### YOUR GOAL:
Everything in the listing that follows should be reproduced exactly except the pictures.

### DATASET SECTION:
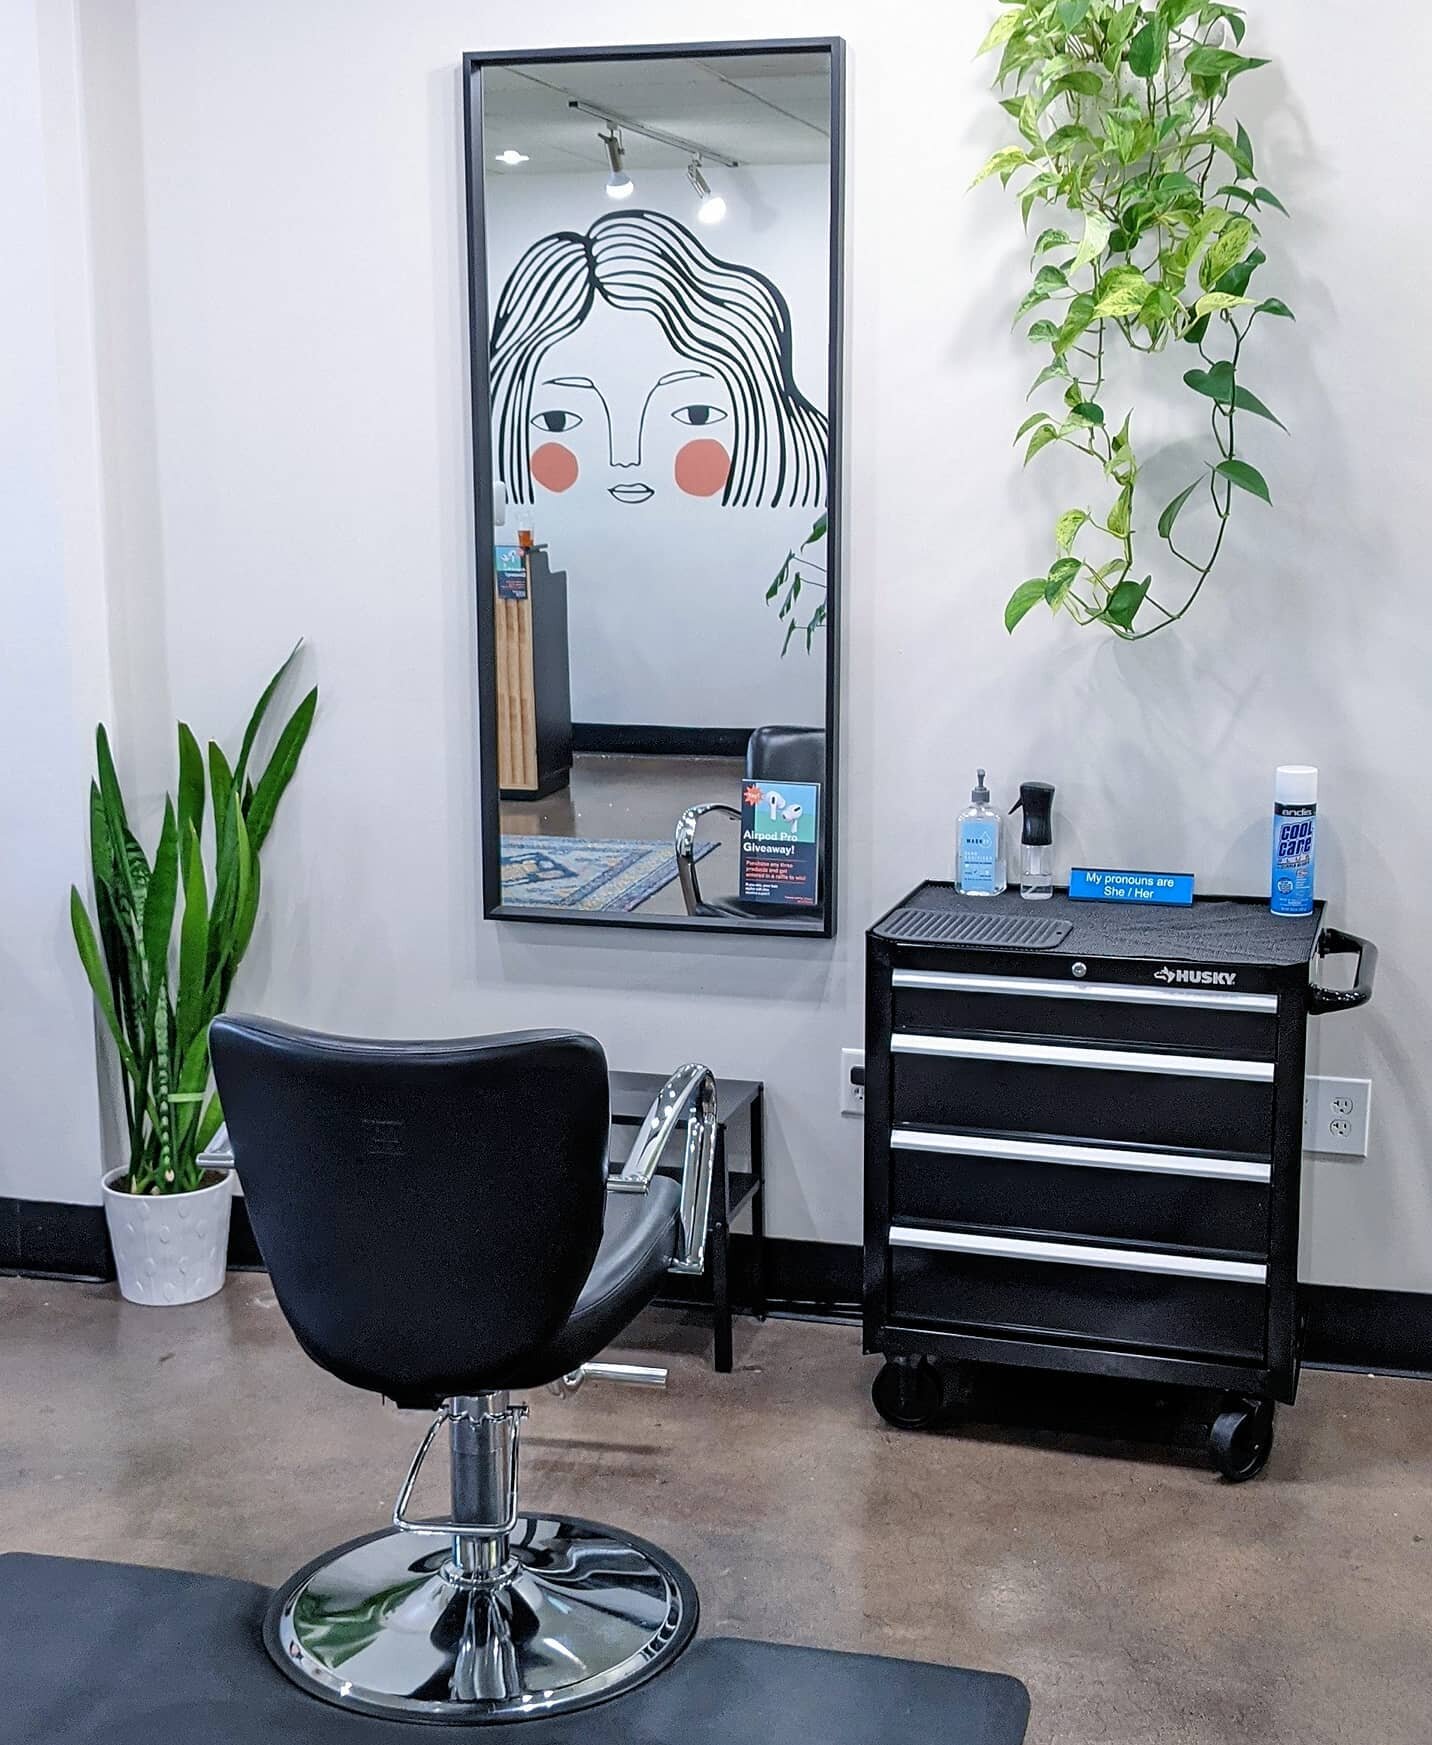 New styling stations are here! 👀
.
#sprucehair #innersense #haircut #hairsalon #amika #kevinmurphy #innersenseorganicbeauty #sulfatefree #hairbrained #durhamnc #bullcity #greathairday #hairinspo #chapelhill #bestofdurham #unc #duke #durhamhair #durh

### ANSWER BOX:
 New styling stations are here! 👀
.
#sprucehair #innersense #haircut #hairsalon #amika #kevinmurphy #innersenseorganicbeauty #sulfatefree #hairbrained #durhamnc #bullcity #greathairday #hairinspo #chapelhill #bestofdurham #unc #duke #durhamhair #durh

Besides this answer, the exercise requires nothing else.